Your Highness

Filmed in Northern Ireland, this garish comedy is 'gross, obnoxious and puerile'. Andrew Johnston loves it

It would be great to be a fly on the wall if Assembly bigwigs ever see Your Highness. The bawdy Universal Pictures comedy should offend sensibilities right across the political spectrum.

The film, which came about after a promotional visit to the US by Peter Robinson and Martin McGuinness, was shot in Northern Ireland, but the naked breasts, giant spliffs and severed minotaur’s penis are all Hollywood.

To give you an example of the kind of gag peppered – nay, smeared – throughout Your Highness, consider this scene in which Danny McBride’s weed-smoking, wench-chasing Prince Thadeous pursues a semi-nude female warrior into a forest (the movie was shot at picturesque locations around County Antrim – a nice coup for the Tourist Board).

‘It might be a trap,’ warns the more wholesome Prince Fabious (played by James Franco, taking a break from Oscar-worthy fare). Thadeous responds by saying the only thing the damsel’s chest will trap is his ‘warm spray’. Kenneth Branagh this ain’t.
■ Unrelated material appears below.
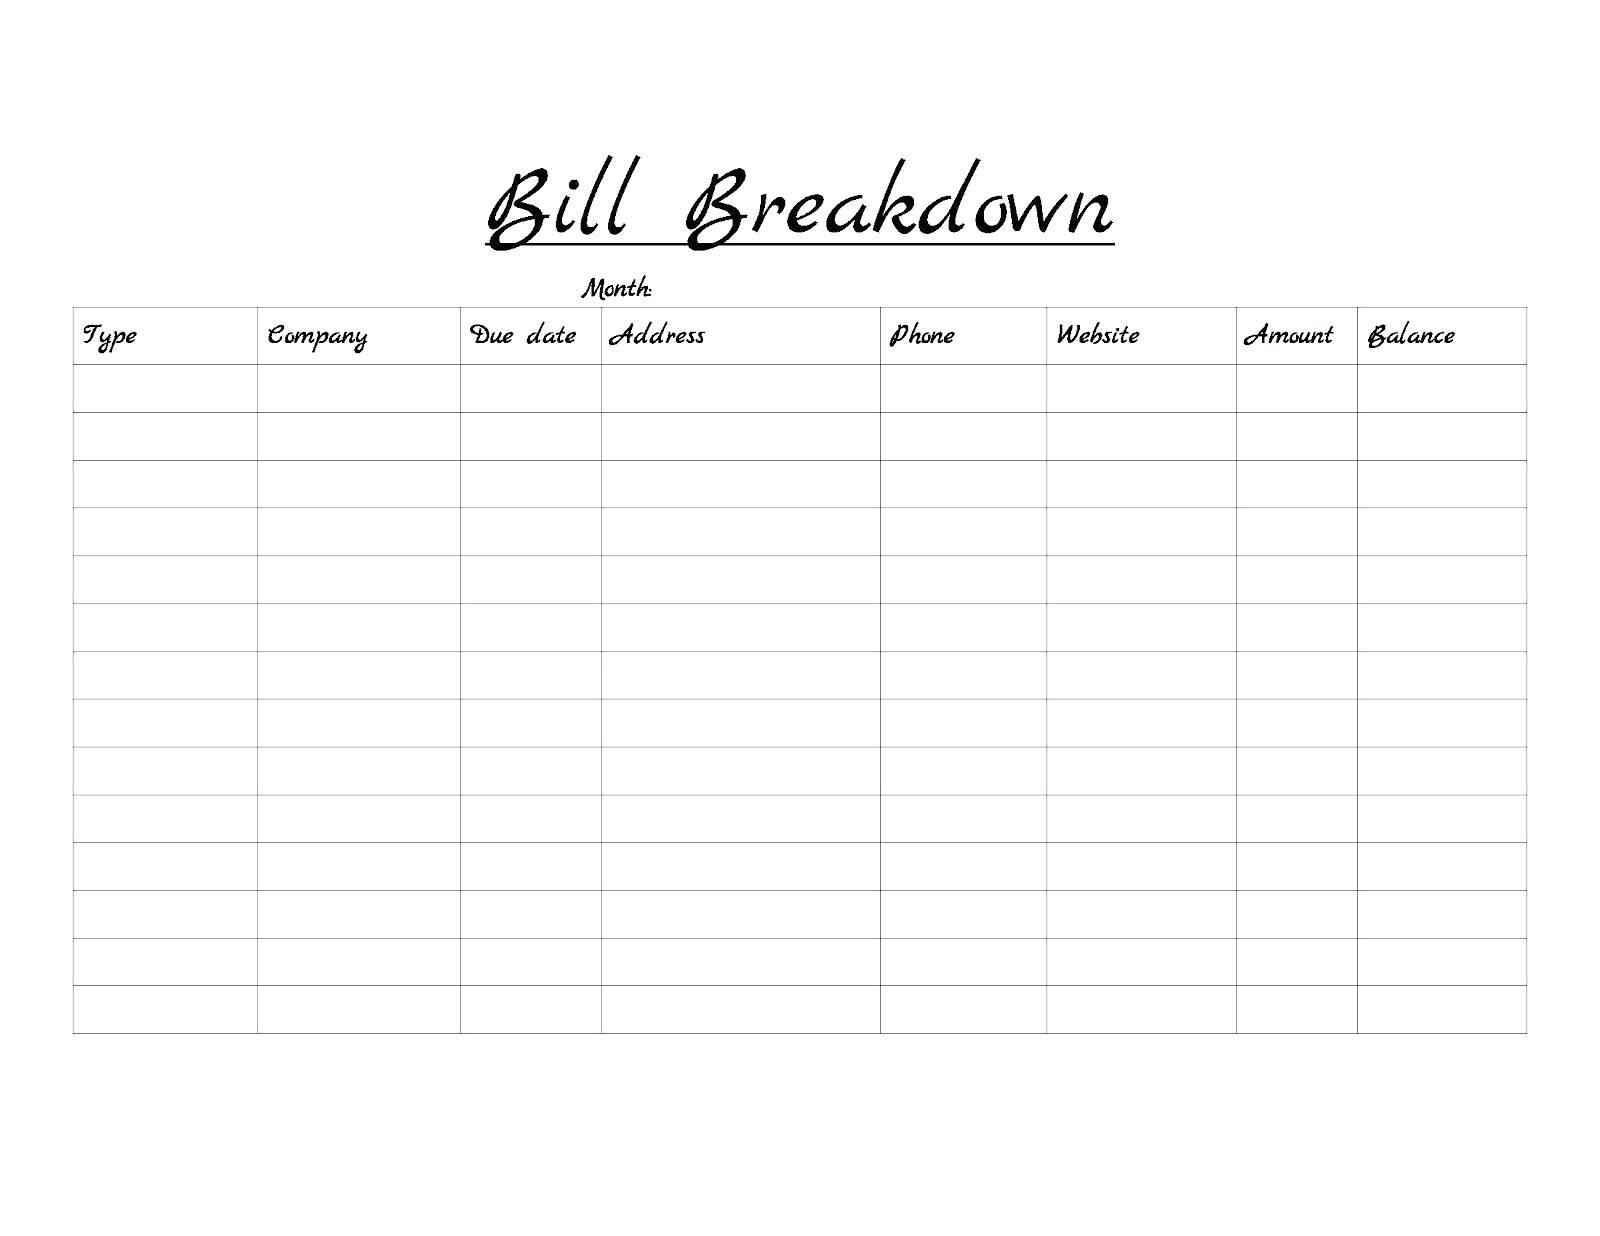 Monthly Bills Template Free - Monte-Monthly Bills Due List Printable

Penned by McBride and Ben Best, and directed by David Gordon Green (Pineapple Express), Your Highness represents a brave new era for Northern Ireland filmmaking.
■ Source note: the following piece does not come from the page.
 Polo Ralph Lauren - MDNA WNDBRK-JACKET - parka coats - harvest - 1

It’s a world in which a tubby US comedian can cavort on the Giant’s Causeway with a prosthetic member dangling round his neck, and an evil wizard (played by Iron Man 2 screenwriter, Justin Theroux) can hatch a plot to rape a princess to create a dragon (or was it rape a dragon to create a princess? I lost track) from a lair inside Belfast’s Paint Hall Studio.

Incidentally, Leezar’s plot is the closest Your Highness comes to one. Generally, it’s that old story: slobbish prince envies heroic prince, heroic prince’s bride-to-be is kidnapped, slobbish prince comes begrudgingly to the rescue.
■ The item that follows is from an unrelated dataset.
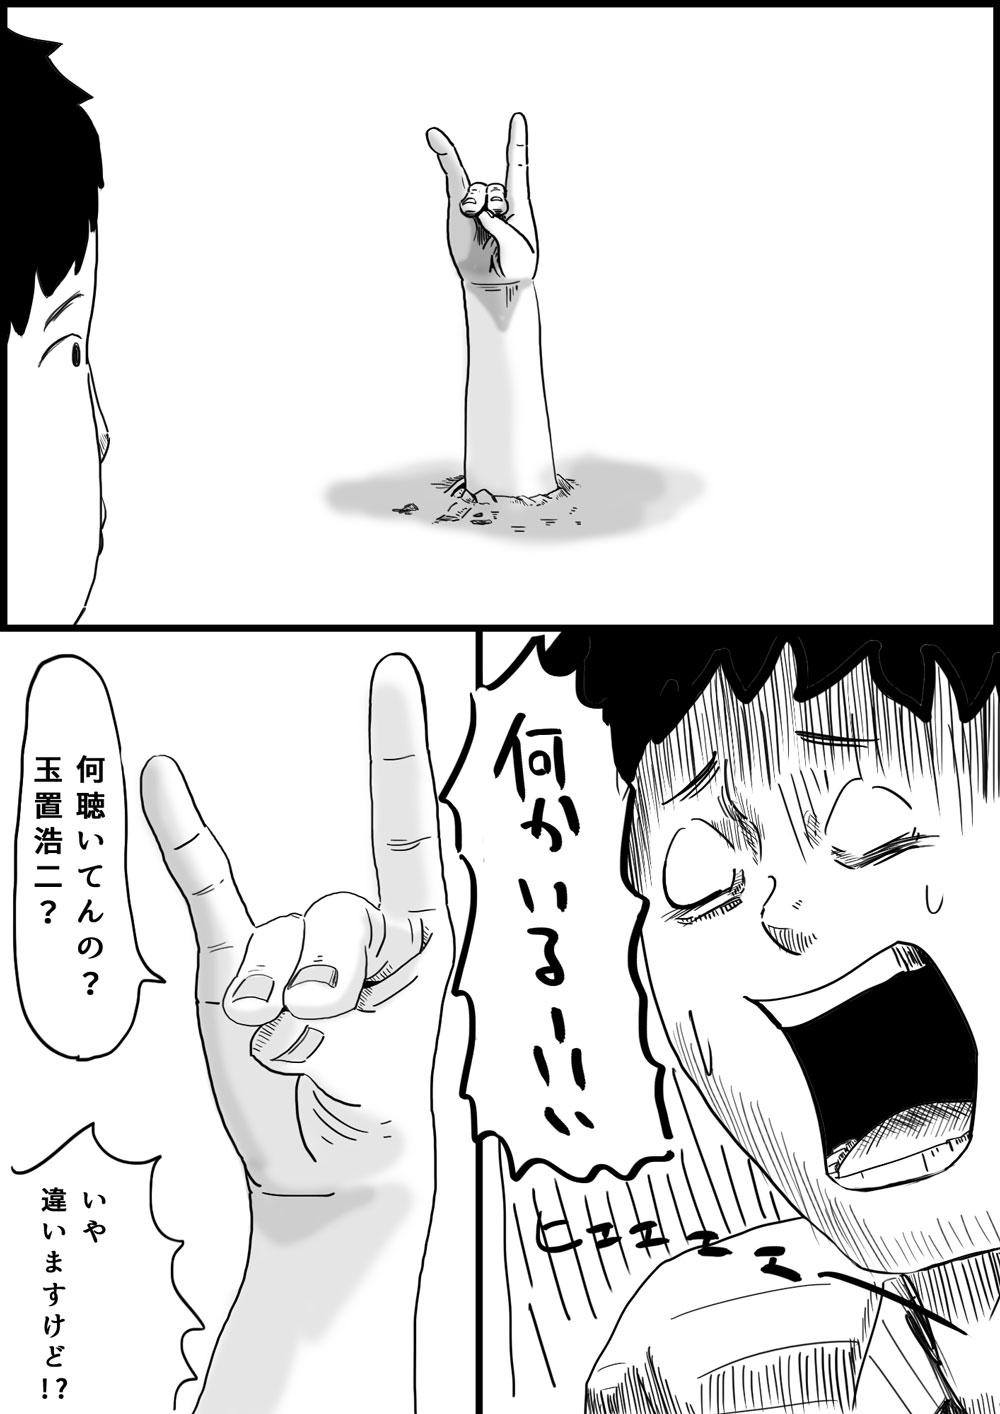 arnolds-hasegawa-001-3

Along the way, Thadeous and Fabious encounter stoned peasants, a perverted, Yoda-like creature and Natalie Portman in a thong. It’s the kind of film where even the comic relief has a comic relief (Rasmus Hardiker of Lead Balloon and Saxondale is great fun as Thadeous’s gormless sidekick, Courtney).

Basically, Your Highness is a Mel Brooks movie with added swearing and hot babes. It’s a parody of the fantasy genre, showing the same respectfulness for the likes of Excalibur and Krull that Brooks brought to his horror spoofs Young Frankenstein and Dracula: Dead and Loving It.

The film also boasts lush locations, lavish sets, cutting-edge special effects and a cast of top-drawer supporting actors (Charles Dance, Damian Lewis, Toby Jones).

Sure, Your Highness is gross, obnoxious and puerile in the extreme, and some of the gags will be too cheap even for the intended teenage male market. But many of the laughs are of the out-loud variety, and it’s refreshing to see a film so unashamed to revel in its own absurdity.

If this is the kind of demented, anything-goes romp Hollywood comes up with when slumming it in Northern Ireland, then this writer for one hopes that Universal Pictures will be back this way soon.

Your Highness is showing at Movie House Cinemas now.